Heading to the slopes with a “waterproof” ski jacket that turns out to be anything but is a recipe for a very unpleasant day.

But with confusing tech specs and exaggerated marketing claims, how can you truly test if your jacket will keep you dry?

After years of soggy trials, I’ve learned the best methods.

A quality waterproof ski jacket is crucial for staying comfortable on the mountain.

Let me walk you through how to assess the water resistance of any shell, using my trusty North Face women’s down jacket as an example.

With a few simple tricks, you’ll know if your jacket has your back when the snow starts falling.

Check the Waterproof Rating

The first place to start is by looking at the stated waterproof rating, usually measured in millimeters.

For a ski jacket, you’ll want at least 10,000mm, but 15,000-20,000mm is ideal.

My North Face parka is rated at 15,000mm, meaning it can withstand about 15,000mm (~5 feet) of water pressure before leaking.

That’s enough to keep me bone dry in heavy snowstorms or waist-deep powder.

Ratings below 10,000mm may repel light rain or snow flurries, but moisture will soak through with sustained exposure.

Look for four- or five-digit numbers on the tag to gauge true waterproof performance.

Assess the Outer Fabric

Waterproof membranes sandwiched inside are what prevent liquid penetration. But the outer fabric plays a role too.

Tightly woven nylon or polyester will repel moisture longer before it seeps through interior layers.

I love the rugged, smooth ripstop fabric on my North Face jacket. Snow glides right off the slippery surface instead of absorbing into the weave.

On the flip side, natural fibers like cotton or wool, and suedes or canvases will quickly saturate. Avoid these materials if you want waterproofing.
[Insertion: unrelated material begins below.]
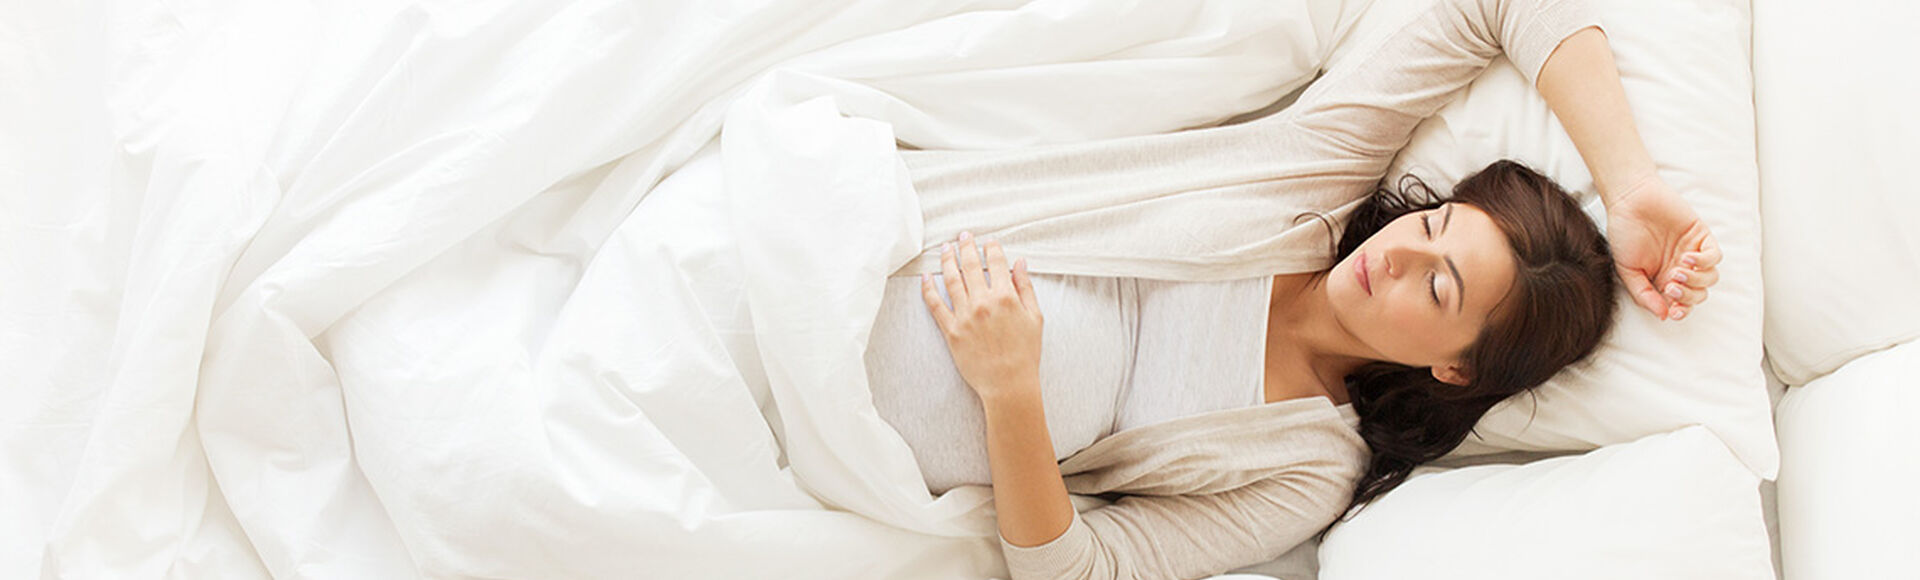 Que debes hacer durante la semana 39 de embarazo | by Huggies Argentina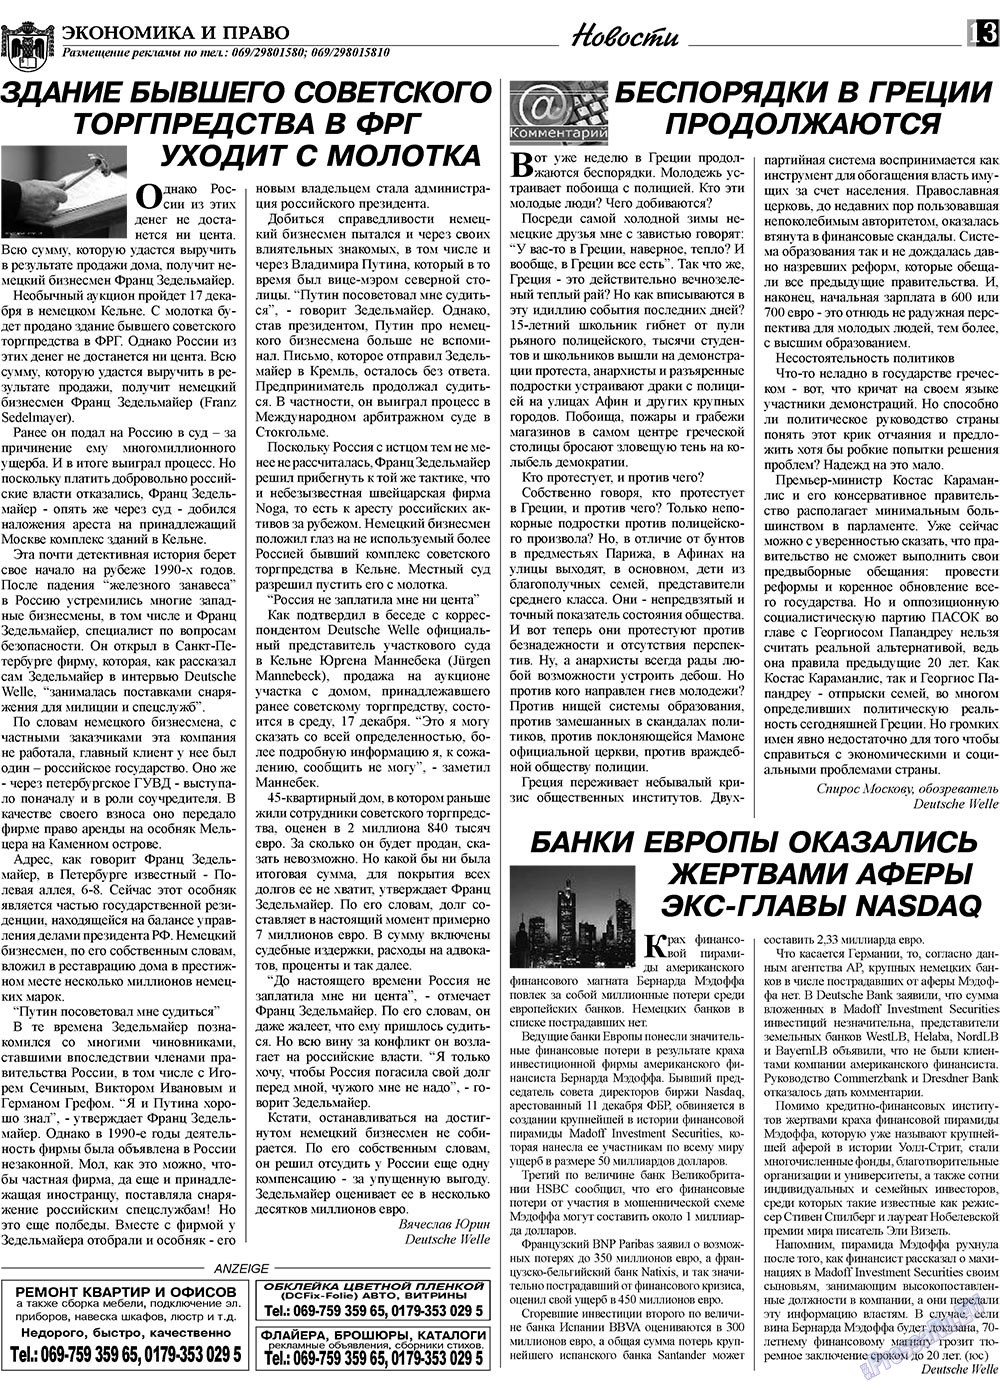 Экономика и право, газета. 2009 №1 стр.13

Test with the Bucket Method

To personally validate the stated waterproof rating, do a simple bucket test:

  1. Fill a bucket with 5 inches of water (based on your jacket’s rating).
  2. Turn the jacket inside out so the membrane faces the water.
  3. Immerse an arm section upside down in the bucket.
  4. Leave submerged for 5 minutes, checking often for leaks.

I couldn’t detect any dampness on my inner layer after testing my 15k-rated North Face jacket. That gave me confidence it would stand up to heavy snow and rain.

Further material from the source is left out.